This has not been true for a long time.
> I have a couple of thoughts here:
>
> - If this patchset is merged and a major user such as google is
> unable to use it and has to continue to carry a separate patch then
> that's a regrettable situation for the upstream kernel.
>
> - Google's is, afaik, the largest use case we know of: zillions of
> machines for a number of years. And this real-world experience tells
> us that the badram patchset has shortcomings. Shortcomings which we
> can expect other users to experience.
>
> So. What are your thoughts on these issues?
I think a binary structure fed as a linked list data object makes a lot
more sense. We already support feeding e820 entries in this way,
bypassing the 128-entry limitation of the fixed table in the zeropage.

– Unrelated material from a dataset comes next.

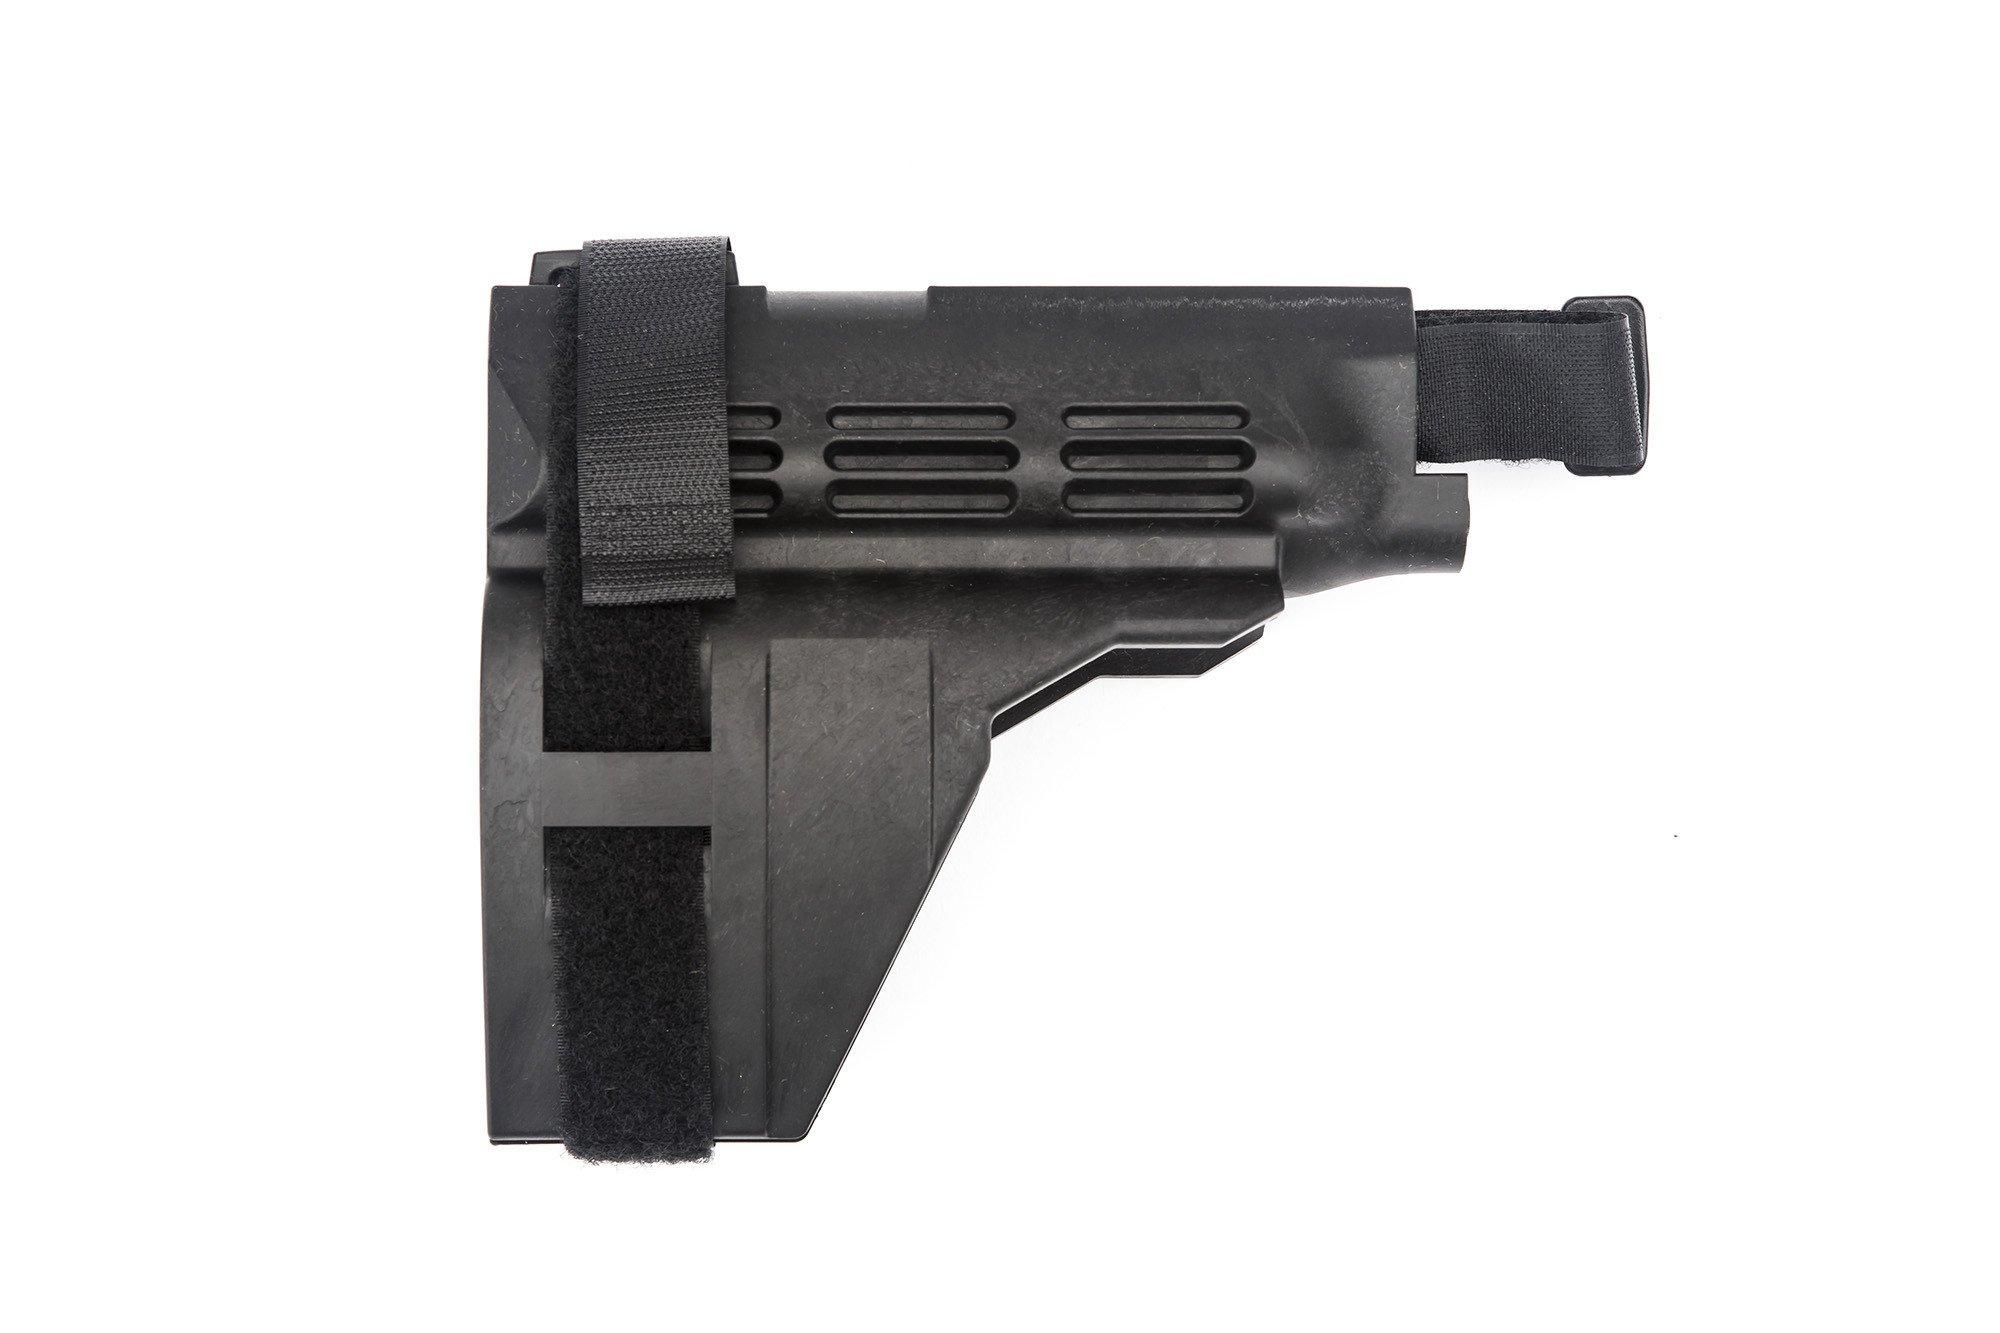 SB 15 Pistol Stabilizing Brace

The main issue then is priority; in particular memory marked UNUSABLE
(type 5) in the fed-in e820 map will of course overlap entries with
normal RAM (type 1) information in the native map; we need to make sure
that the type 5 information takes priority.
-hpa
On 06/22/2011 04:18 AM, Stefan Assmann wrote:
>
> The idea is to allow the user to specify RAM addresses that shouldn't be
> touched by the OS, because they are broken in some way. Not all machines have
> hardware support for hwpoison, ECC RAM, etc, so here's a solution that allows to
> use bitmasks to mask address patterns with the new "badram" kernel command line
> parameter.
> Memtest86 has an option to generate these patterns since v2.3 so the only thing
> for the user to do should be:
> - run Memtest86
> - note down the pattern
> - add badram=<pattern> to the kernel command line
>
We already support the equivalent functionality with
memmap=<address>$<length> for those with only a few ranges... this has
been supported for ages, literally. For those with a lot of ranges,
like Google, the command line is insufficient.
-hpa
> So. What are your thoughts on these issues?

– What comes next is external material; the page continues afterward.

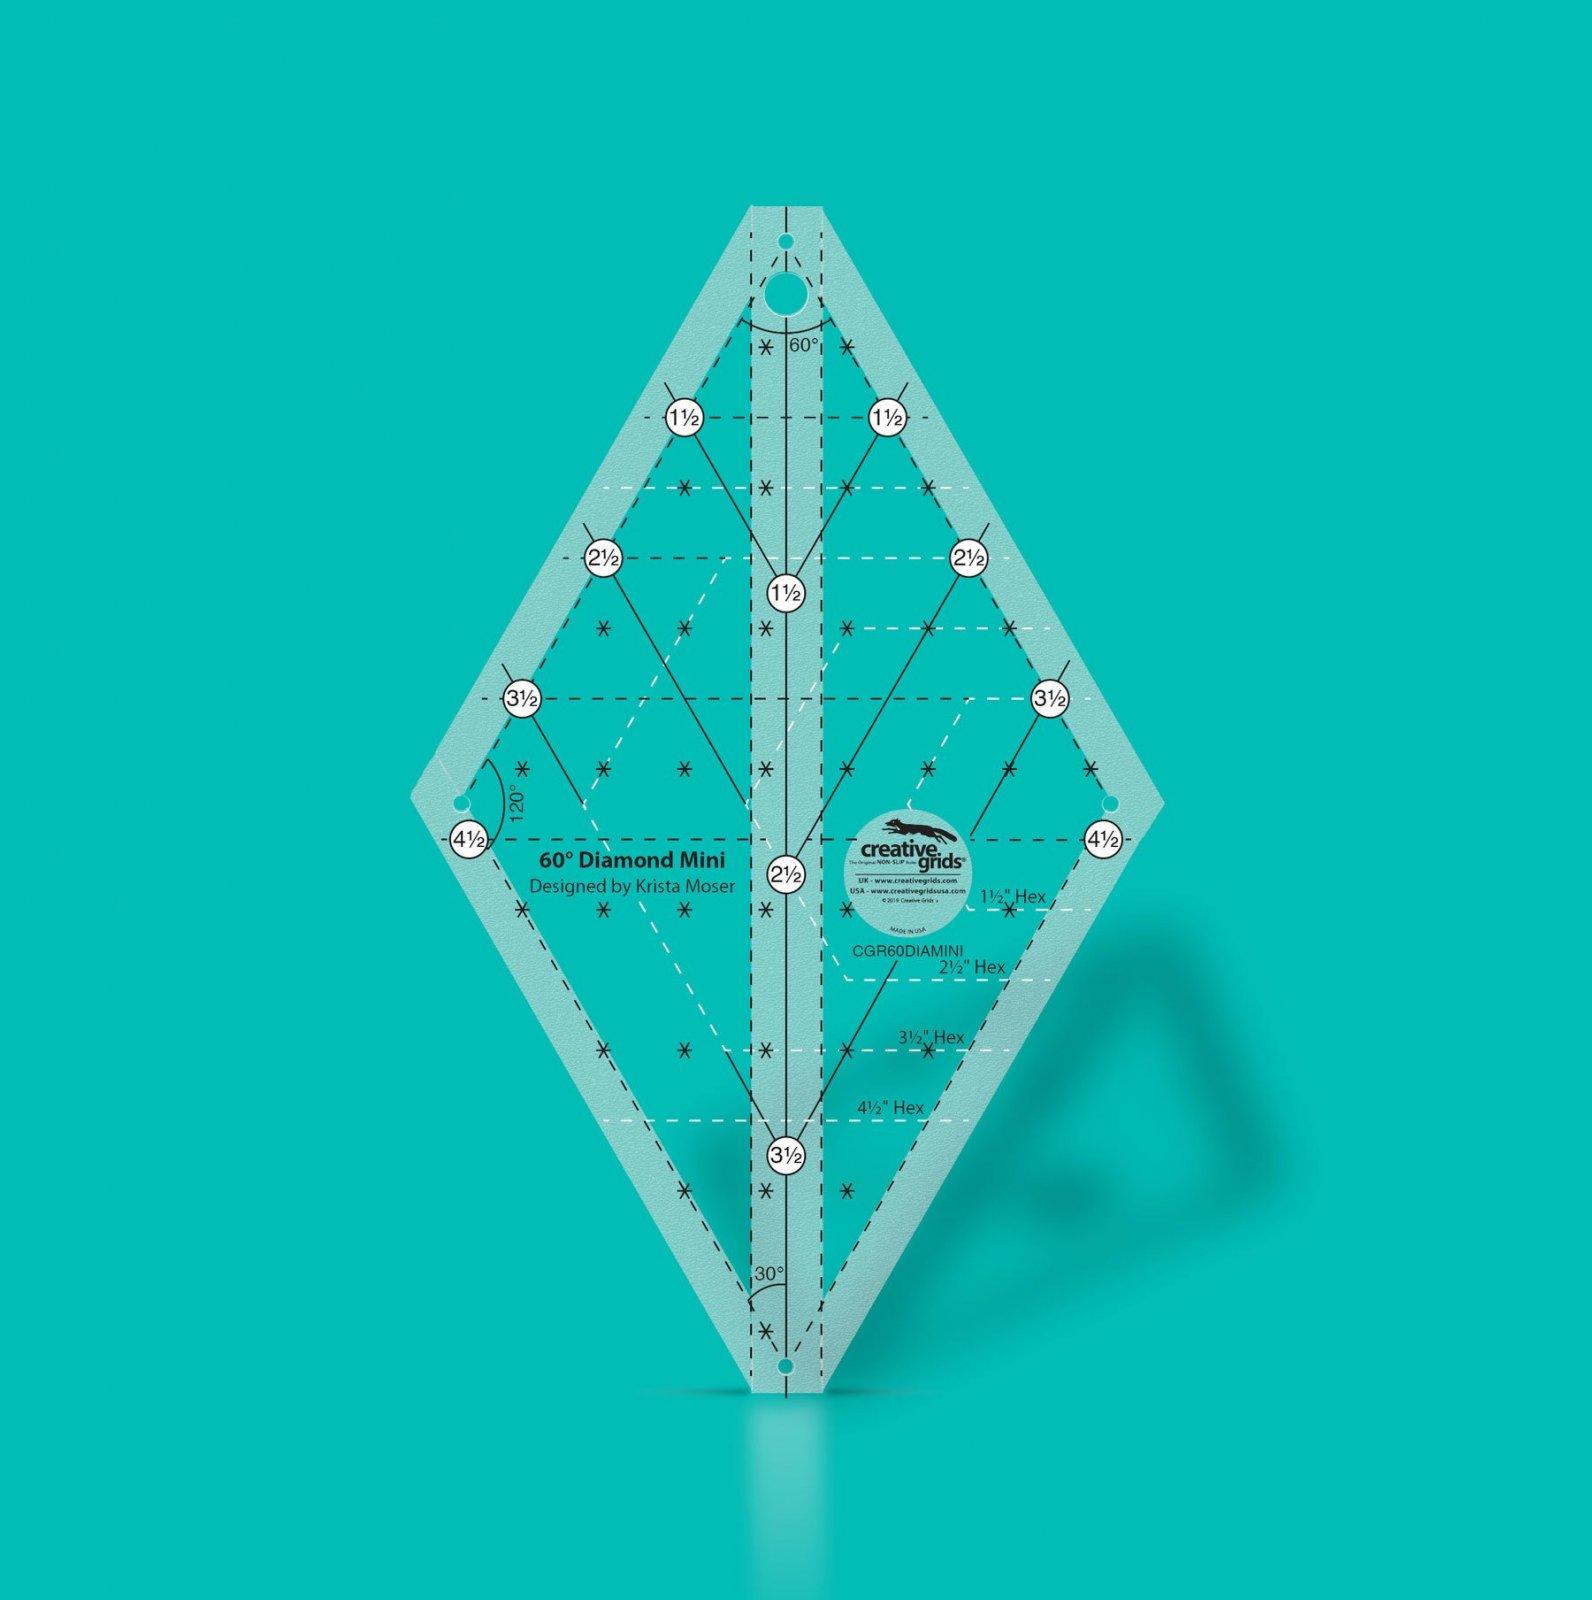 Creative Grids 60 Degree Mini Diamond Ruler | SKU# CGR60DIAMINI

Sounds orthogonal to me. You have to crawl before you walk.
A better way to pass in the data would be nice, but can be always
added on top (e.g. some EFI environment variable)
For a first try a command line argument is quite
appropiate and simple enough.
A check for removing too much memory would be nice though,
although it's just a choice between panicing early or later.
-Andi
--
[email protected] -- Speaking for myself only.
On Wed, 22 Jun 2011 20:24:45 +0200
Andi Kleen <[email protected]> wrote:
> > So. What are your thoughts on these issues?
>
> Sounds orthogonal to me. You have to crawl before you walk.
>
> A better way to pass in the data would be nice, but can be always
> added on top (e.g. some EFI environment variable)
>
> For a first try a command line argument is quite
> appropiate and simple enough.
>
> A check for removing too much memory would be nice though,
> although it's just a choice between panicing early or later.
>
If something can be grafted on later then that's of course all good. I
do think we should have some sort of plan in which we work out how that
will be done. If we want to do it, that is.
However if we go this way then there's a risk that we'll end up with
two different ways of configuring the feature and we'll need to
maintain the old way for ever. That's a bad thing and we'd be better
off implementing the fancier scheme on day one.
> If something can be grafted on later then that's of course all good. I
> do think we should have some sort of plan in which we work out how that
> will be done. If we want to do it, that is.
>
> However if we go this way then there's a risk that we'll end up with
> two different ways of configuring the feature and we'll need to
You'll always have multiple ways. Whatever magic you come up for
the google BIOS or for EFI won't help the majority of users with
old crufty legacy BIOS.
So you need a "everything included" way -- and the only straight forward
way to do that that I can see is the command line.
-Andi
--
[email protected] -- Speaking for myself only.
On Wed, Jun 22, 2011 at 11:13, H. Peter Anvin <[email protected]> wrote:
> On 06/22/2011 11:00 AM, Andrew Morton wrote:
>> :
>> : Second, the BadRAM patch expands the address patterns from the command
>> : line into individual entries in the kernel's e820 table. ?The e820
>> : table is a fixed buffer that supports a very small, hard coded number
>> : of entries (128). ?We require a much larger number of entries (on
>> : the order of a few thousand), so much of the google kernel patch deals
>> : with expanding the e820 table.
>
> This has not been true for a long time.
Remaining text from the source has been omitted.